_EXERCISE:_
Below is a listing with pictures in it. Copy it exactly without them.

_INPUT DATA:_

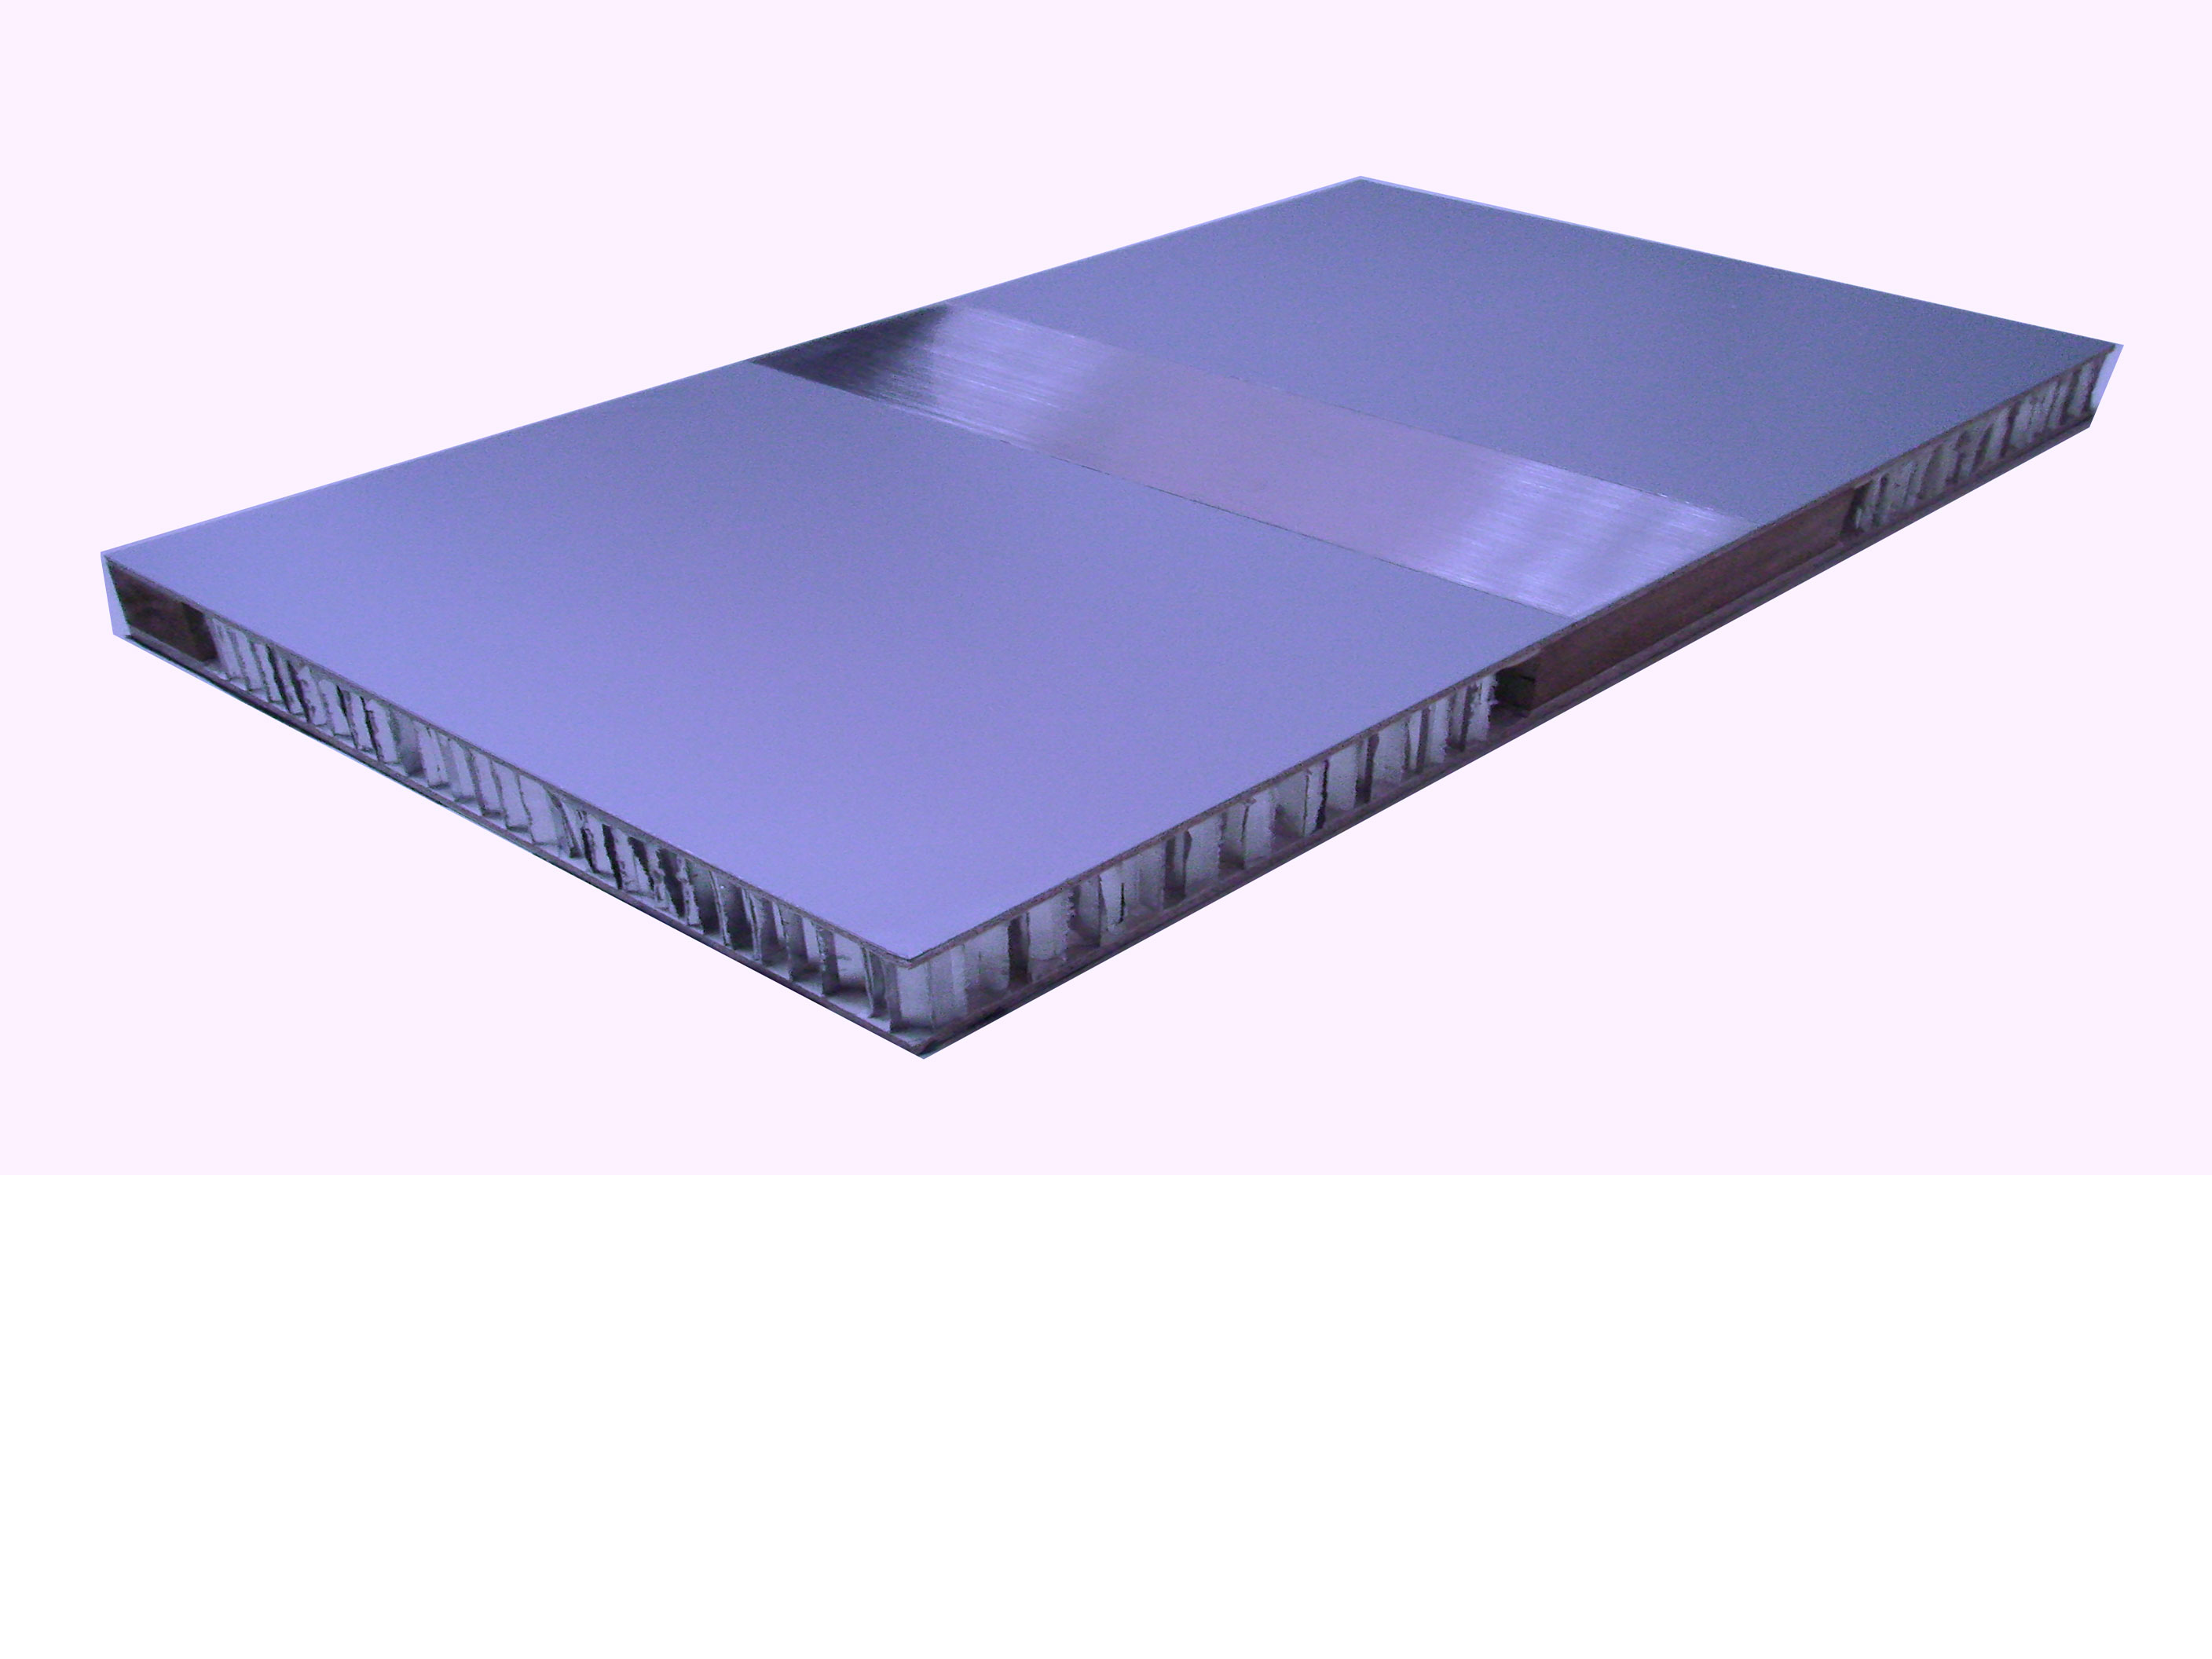 雷诺贝尔蜂窝铝板主要应用于橱柜台面,家具台面板等其面板主要选用
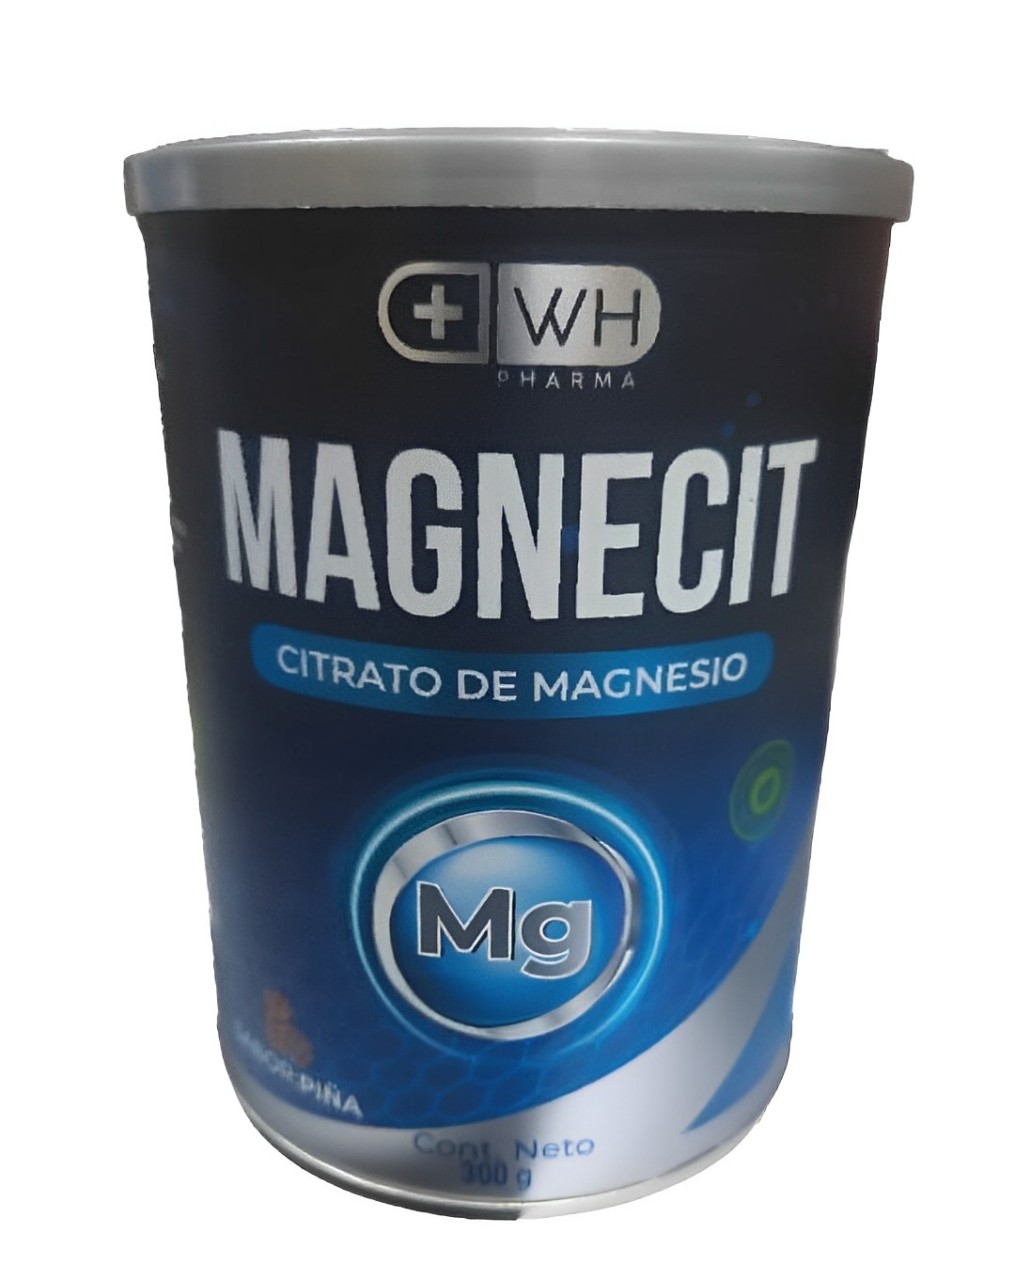 magnecit (1) (1) (1)
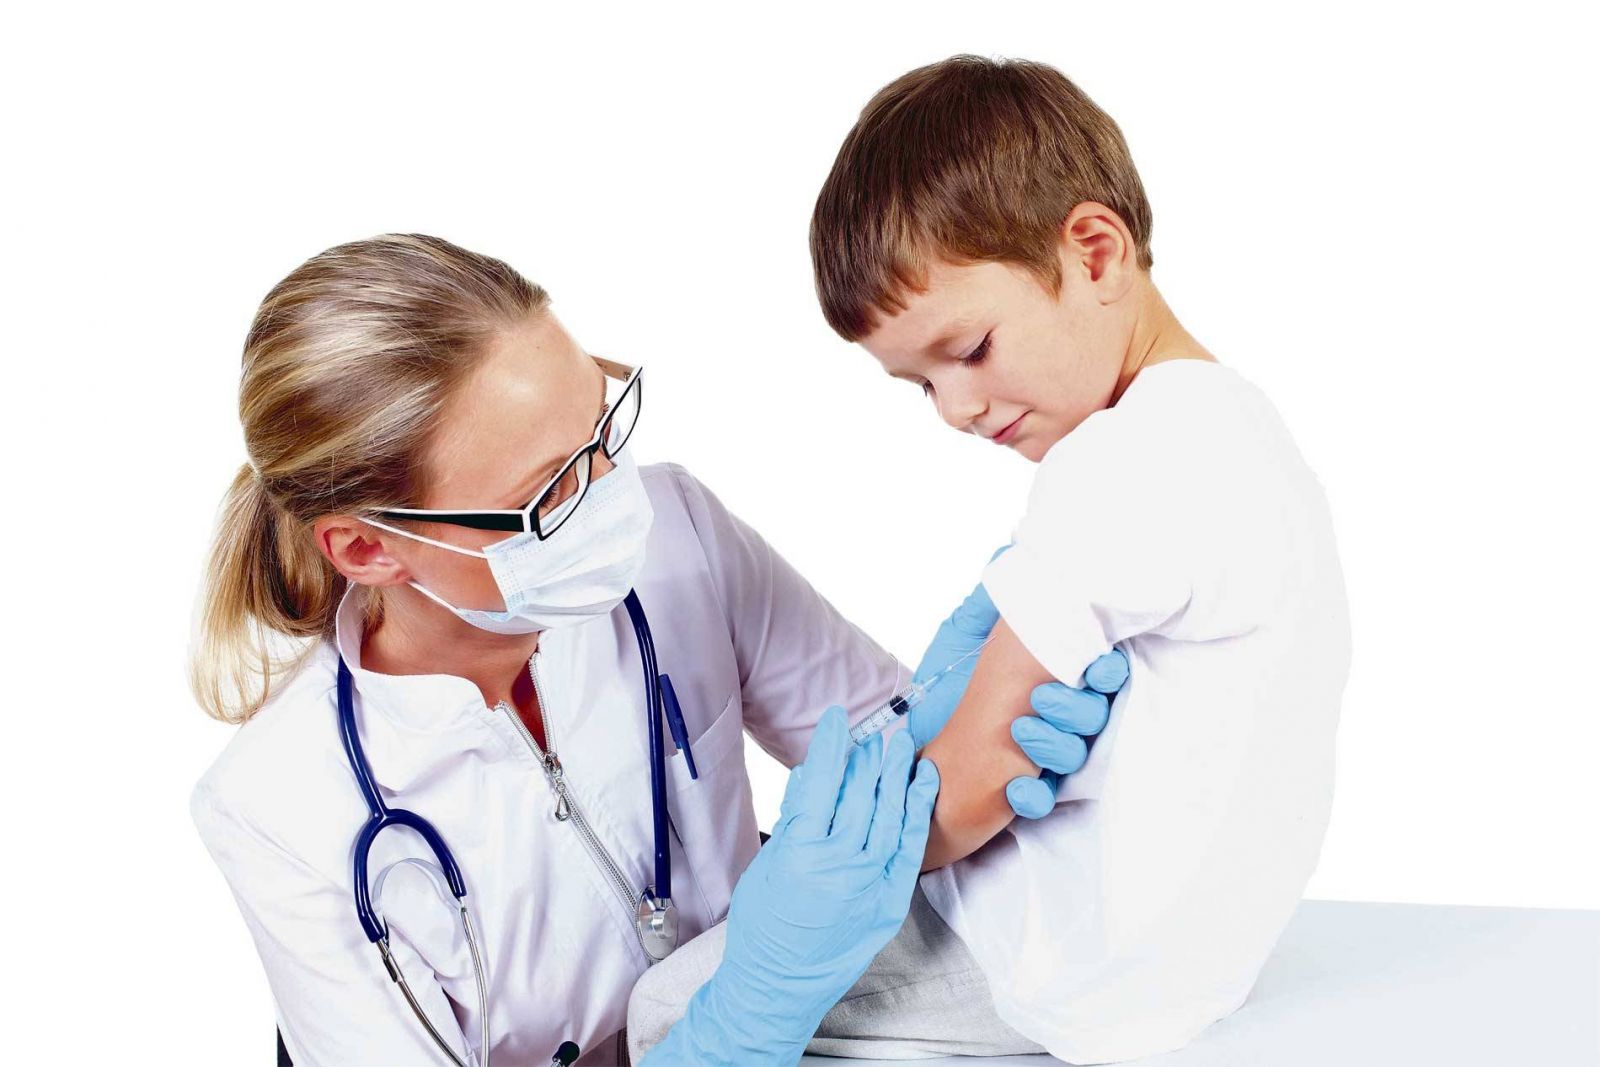 Quy trình tiêm vắc xin thương hàn cho trẻ em như thế nào?

_OUTPUT OF THE TASK:_
 雷诺贝尔蜂窝铝板主要应用于橱柜台面,家具台面板等其面板主要选用
 magnecit (1) (1) (1)
 Quy trình tiêm vắc xin thương hàn cho trẻ em như thế nào?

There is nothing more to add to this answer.